Question

6.127 Team Batting Average in Baseball The dataset BaseballHits gives 2014 season statistics for all Major League Baseball teams. We treat this as a sample of all MLB teams in all years. Computer output of descriptive statistics for the variable giving the batting average is shown: Descriptive Statistics: BattingAvg \(\begin{array}{rrrr}\mathrm{N} & \text { Mean } & \text { SE Mean } & \text { StDev } \\ 30 & 0.25110 & 0.00200 & 0.01096\end{array}\) Variable BattingAvg \(\begin{array}{rrrrr}\text { Minimum } & \text { Q1 } & \text { Median } & \text { Q3 } & \text { Maximum } \\ 0.22600 & 0.24350 & 0.25300 & 0.25675 & 0.27700\end{array}\) (a) How many teams are included in the dataset?
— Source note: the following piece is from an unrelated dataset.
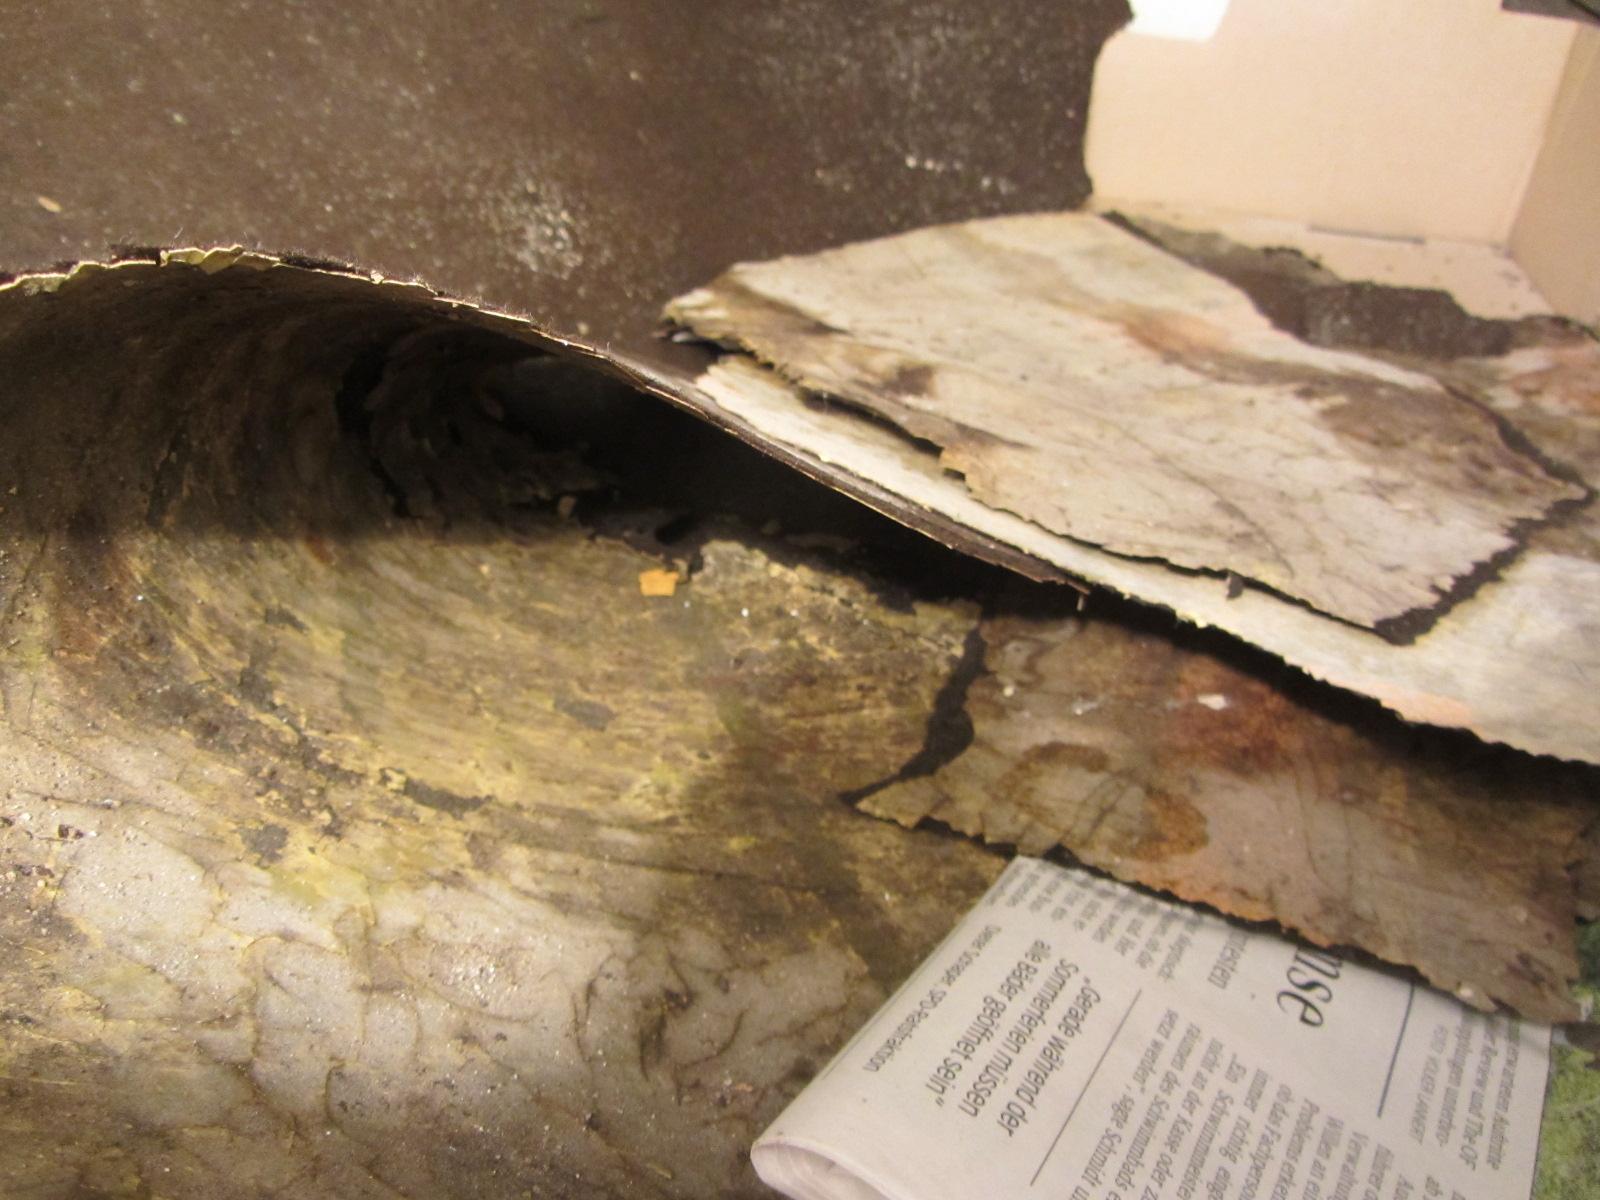 Extrem Asbest in Bodenbelag wie erkennen? Mit Fotos. YT25
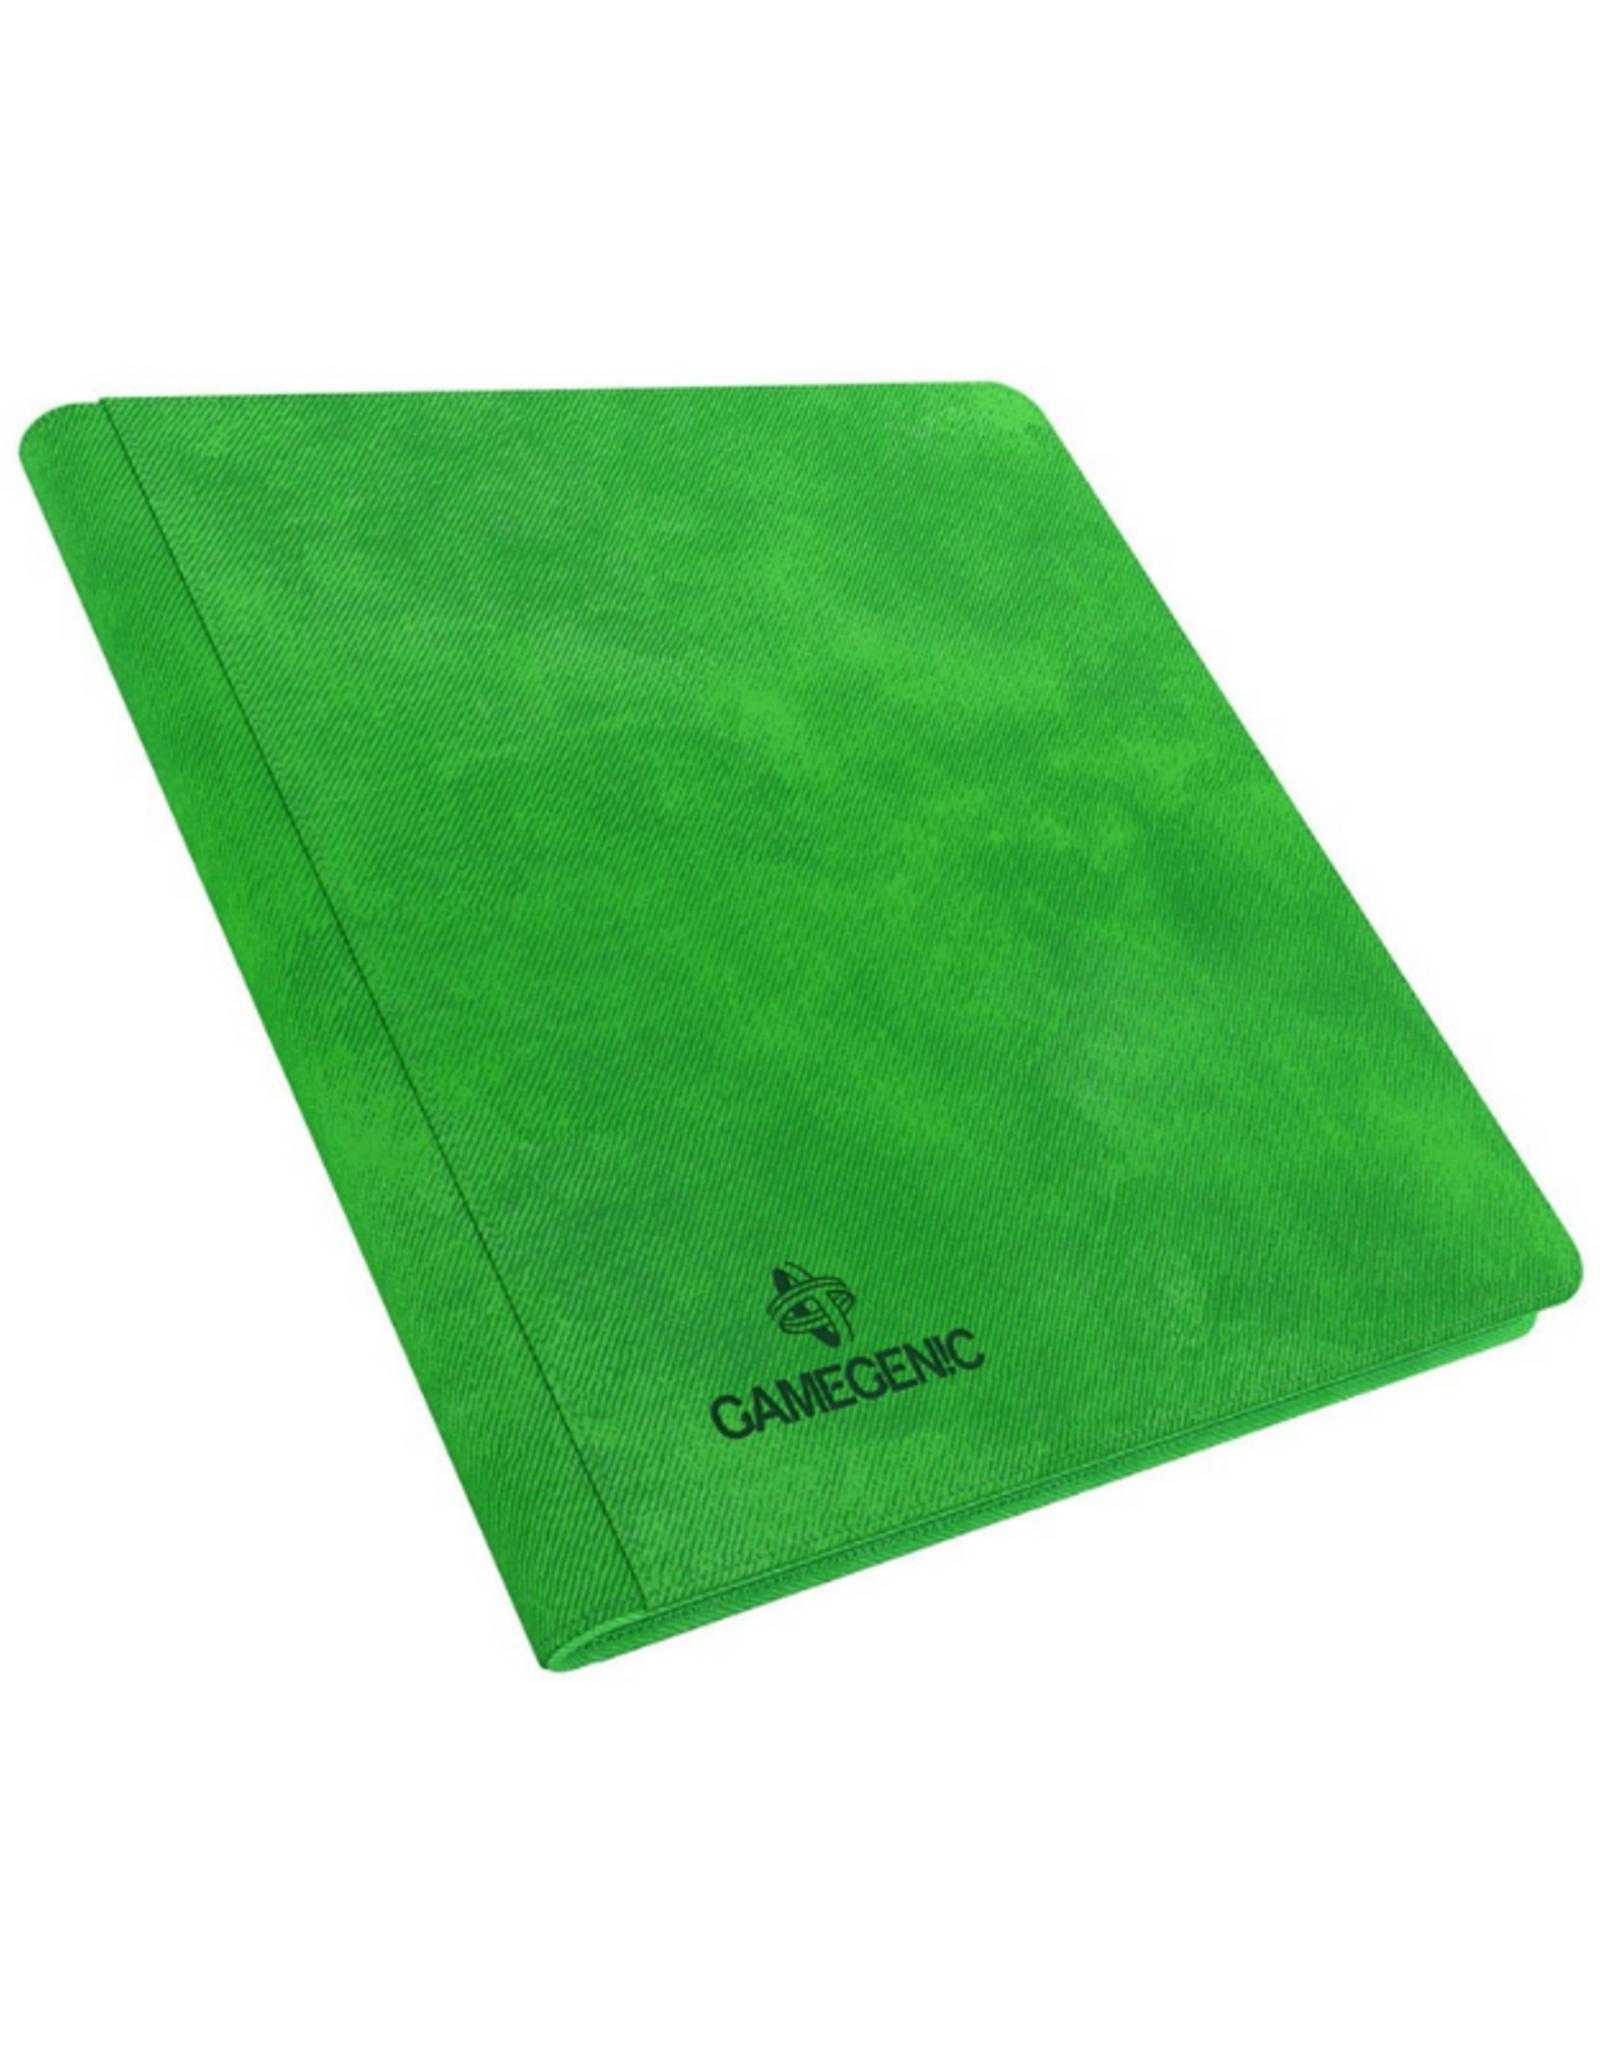 Gamegenic Zip-Up Album 24-Pocket (Green)

What is the mean batting average? What is the standard deviation? (b) Use the descriptive statistics above to conduct a hypothesis test to determine whether there is evidence that average team batting average is different from 0.260 . Show all details of the test. (c) Compare the test statistic and p-value you found in part (b) to the computer output below for the same data: One-Sample T: BattingAvg Test of \(m u=0.26\) vs not \(=0.26\) \(\begin{array}{lrrr}\text { Variable } & \text { N } & \text { Mean } & \text { StDev } \\ \text { BattingAvg } & 30 & 0.25110 & 0.01096 \\ \text { SE Mean } & 95 \% \text { Cl } & \text { T } & \text { P } \\ 0.00200 & \\{0.24701,0.25519) & -4.45 & 0.000\end{array}\)

Short answer

The dataset includes statistics from 30 teams. The mean batting average is \(0.25110\) while the standard deviation is \(0.01096\). By conducting a hypothesis test, it was found that the mean batting average was significantly different from \(0.260\) with a t-value of \(-4.475372208025383\) and a p-value lower than \(0.05\), as seen from both manually conducted analysis and the computer output presented.

Step-by-step solution

Interpret Descriptive Statistics

The descriptive statistics table provides us with various pieces of information, including number of teams (\(N=30\)), mean batting average (\(0.25110\)), standard deviation (\(0.01096\)), minimum batting average (\(0.22600\)), first quartile (\(0.24350\)), median (\(0.25300\)), third quartile (\(0.25675\)), and maximum batting average (\(0.27700\)).

Conduct Hypothesis Test

We conduct a hypothesis test to determine whether there is evidence that average team batting average differs from \(0.260\). The null hypothesis is that the mean team batting average is equal to \(0.260\) (\(H0: \mu = 0.260\)), and the alternative hypothesis is that it differs (\(H1: \mu ≠ 0.260\)). The test statistic is calculated using the formula \(t = \frac{ (\bar{x}- \mu) }{ \frac{s}{\sqrt{n}} }\), where \(\bar{x}\) = sample mean, \(\mu\) = population mean, \(s\) = standard deviation, and \(n\) = number of observations. Inserting the values, the test statistic \(t = \frac{(0.25110 - 0.260)}{0.01096/\sqrt{30}} = -4.475372208025383\). The exact p-value cannot be calculated without additional statistical tables or software, but we know it will be very small since the magnitude of the t-score is quite large.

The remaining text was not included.